Long running transactions (sagas)

A sequence of contingent business activities might take hours, days or weeks or even longer to complete. It sometimes corresponds to what is called a long running transaction or saga in the software industry.

Distributed transactions aren't suitable for long running contingent business activities, it is not reasonable to lock resources like bank accounts for weeks.

The contingent nature of business activities must be properly modelled by business software and that means there's a need for compensating transactions. This is inevitable. For example, a buyer may get a refund when a received good is defective, or a a buyer may have the right to cancel a contract within a a cooling off period.

Consider the case of a buyer that purchases goods from a seller. This starts from when the buyer first raises a purchase order (PO) through to when they receive the goods.

The buyer may check that the goods are currently in stock. This is only suggestive information, there is no guarantee that they will be in stock when the order is placed.

The following shows how some contingent business activities can be modelled:

  1. The buyer raises a PO. This may contain conditions, for example be subject to receival of the goods in a certain way or by a certain time. The issue of a PO does not itself form a contract. However, acceptance of the order by the seller forms a contract between the buyer and seller. Therefore, at the time the buyer raises a PO they need to ensure they will have enough money in their bank account to cover the purchase. The distributed transaction (aka 2PC) way to ensure this is to lock their bank account in the "prepare" phase! This is obviously unreasonable. Instead, it is better to actually transfer money into a "holding account" so it is reserved. This corresponds to our approach of pushing a deposit record onto a persistent queue. More specifically the creation of a PO is modelled by a local transaction on the buyer's database which atomically:
    • deducts money from the buyer's bank account if it's in the buyer's database, or else by incrementing a sequence number which represents the processing of money sent by another database
    • pushes a PO into a local persistent queue. This represents a conditional deposit record (i.e. a promise to send money which is conditional on acceptance by the seller).
  2. The seller is sent the PO over a transient message queue. The seller checks whether they are willing to commit to the contract. The PO is processed in a local transaction on the seller's database, which atomically
    • increments a local sequence number for the number of PO's from the buyer which have been processed
    • if the seller accepts the order then it
      • pushes an invoice record onto a local persistent queue
      • decrements a stock account in its inventory
      • pushes a delivery record onto a local persistent queue, this represents a commitment to ship the product
    • otherwise if the seller rejects the order then it pushes a PO rejection record onto a local persistent queue.
  3. If the buyer processes a purchase order rejection record then they reverse the payment

This is a very direct and straightforward modelling of the contingent business activities, and everywhere involves double entry book-keeping.

It's all about the data in the databases and avoiding notions of distributed consistency constraints. Who owns what money/stock is recorded in databases and only in databases.
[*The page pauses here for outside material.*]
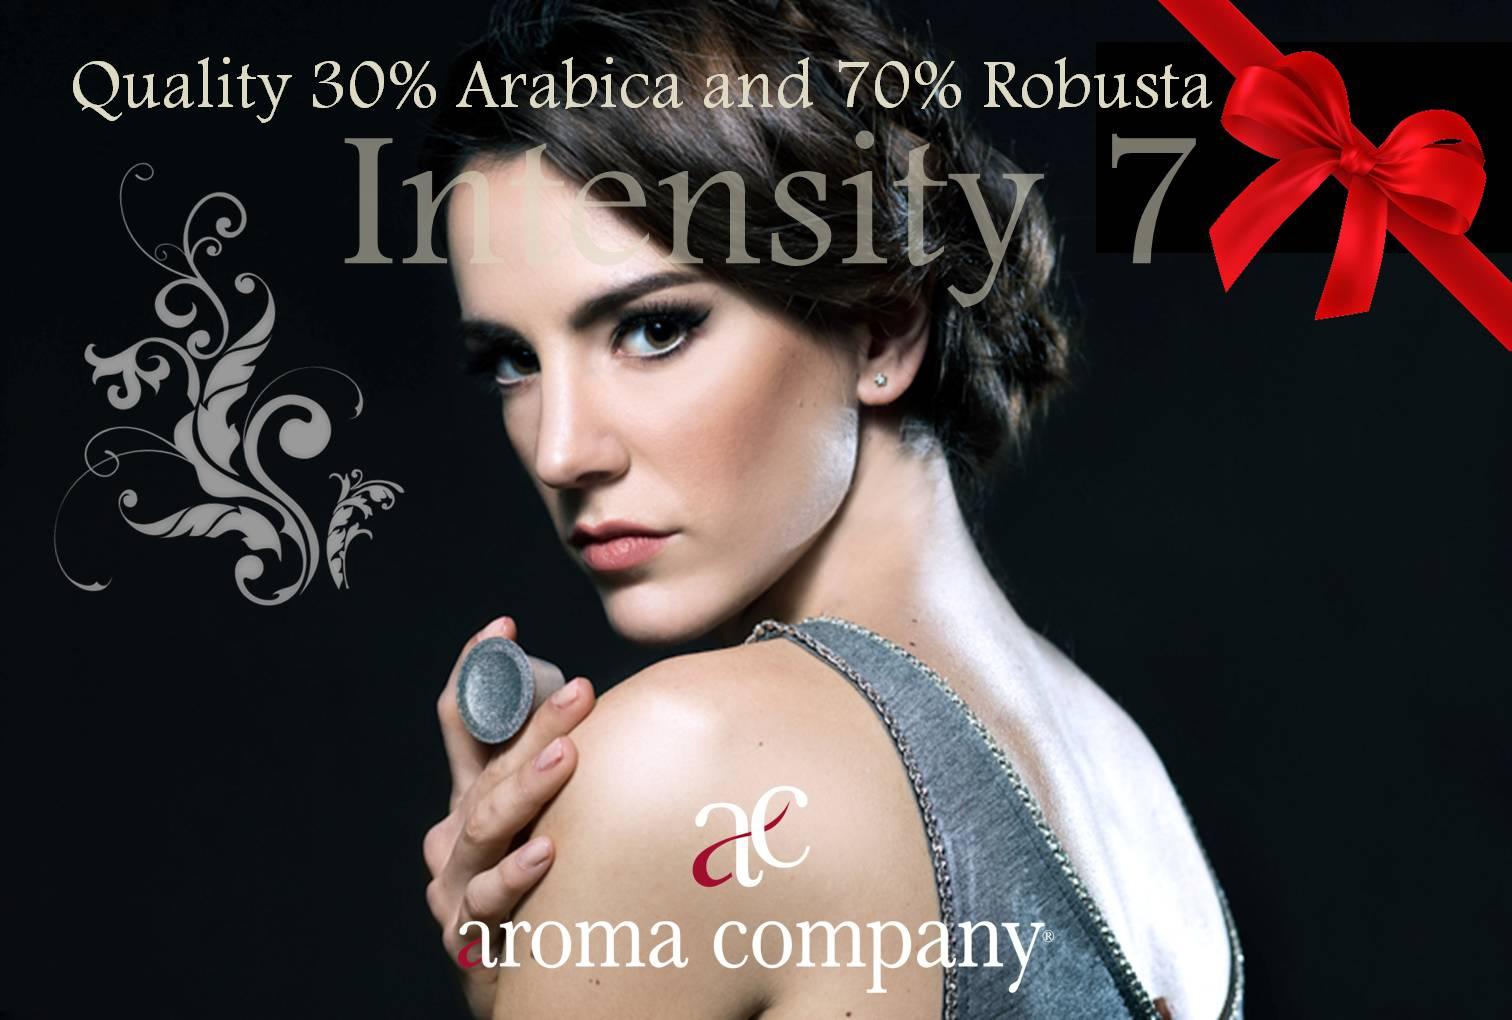 Deck Aroma Aroma Company quality of espresso

It has nothing to do with the state of the transient messaging system, such as what messages are queued to be sent, or are in flight or have been received. The messages are transient and therefore play second fiddle to the data-centric point of view.

This is a different point of view to most of the software industry, which is fixated on "service oriented" and "message oriented" architectures - i.e. state machines and messages, when the emphasis should really be on modelling the state of contingent business activities with pure data in databases.

More specifically the software industry is fixated on hideous approaches involving anti-patterns like 2PC, at least once delivery, persistent messages, duplicate message testing, idempotent message handling, retry loops, message replay, timeouts, dead letter queues [] etc.